Feiras no Rio

dezembro 3, 2007

Feiras no rioNeste último fim de semana, além da já conhecida Feira do Rio Antigo, na rua do Lavradio, todo primeiro sábado do mês, aconteceu mais uma edição da Primavera dos Livros, desta vez no Museu da República. Uma feira com gosto de feira boa, aquela que te deixa feliz com o passeio, os encontros, as comprinhas, o caldo de cana - aliás, dessa vez, substituído pelo cafezinho. Com uma programação cultural para todos os gostos e as editoras da LIBRE vendendo livros com descontos maravilhosos, o cafezinho e o passeio pelo jardim do museu completaram o sucesso da feira. Mesmo quem não comprou nada pôde experimentar o seu ar poético. Porque feira é sem dúvida alguma lugar de poesia. 

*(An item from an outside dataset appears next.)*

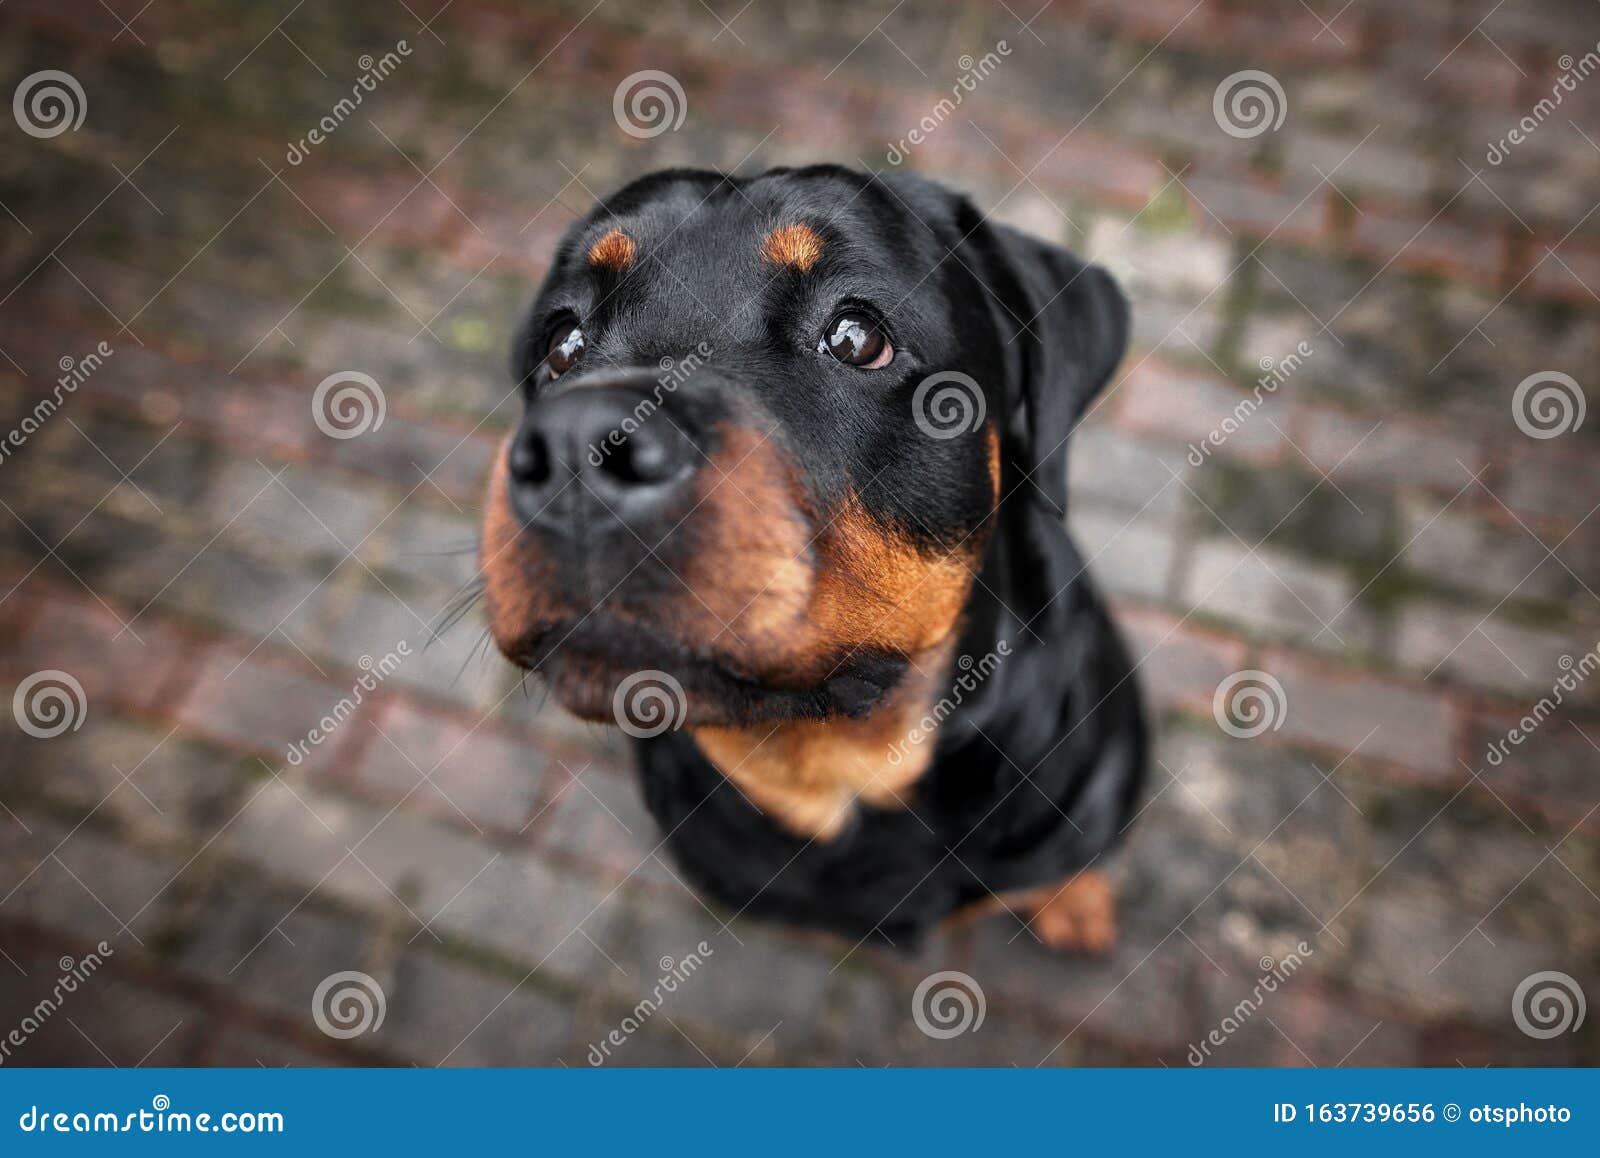 Rottweiler Dog Portrait Top View Stock Photo Image Of Rottweiler

Lembro do meu pai aos domingos. Como num ritual todo seu, levantava cedo, tomava um café, sempre assobiando uma canção lenta, caminhava até à feira, conversava com os feirantes, encontrava amigos e falavam de nada tão importante assim, era capaz de ficar horas na barraca dos passarinhos, admirando-os e procurando conhecer mais dos seus segredos – eu não entendia bem aquele gosto pelos pássaros nas gaiolas, mas… -, depois voltava pra casa trazendo uma verdura ou outra coisa qualquer que lhe desse na telha, algumas vezes levava uma rosa pra mamãe, e ela gostava e acabava desculpando suas faltas. Foi assim que aprendi o sentido da feira e ainda hoje saio às vezes pra ver os peixes, os temperos coloridos, as medidas das bacias e dos lotes, as flores da xepa, que sempre levo pra casa.  

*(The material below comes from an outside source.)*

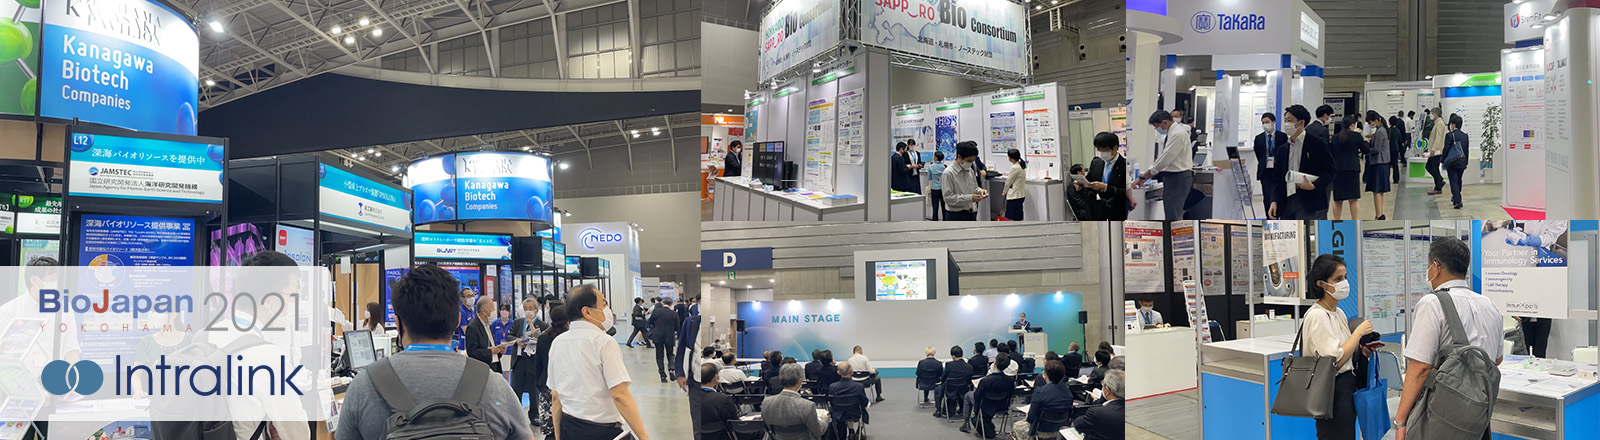 BioJapan 2021 – Views from Japan’s longest-running life science event

Na ´confusão´ da feira, como faz também o poeta, você acaba aprendendo a ver as coisas pequenas, as metonímias que compõem uma atmosfera maior. Aprende a reconhecer frutas não com a etiqueta do supermercado mas com aquele que trabalha com elas e vive delas e sabe sobre elas o mínimo necessário ao seu ofício. É uma troca sempre o ir à feira, é um diálogo que vai do cumprimento ao seu vizinho que acabou de passar por você e os olhos se cruzaram fora do elevador até o contato com as linguagens diversas presentes, a fala da sedução, os regionalismos, as gírias e toda uma gama de construção enriquecedora.

A feira no museu também nos deu isso. Foi de fato um ”dia de festa”, como sugere a raiz da palavra latina feria. E os livros modificaram o cenário da primavera carioca.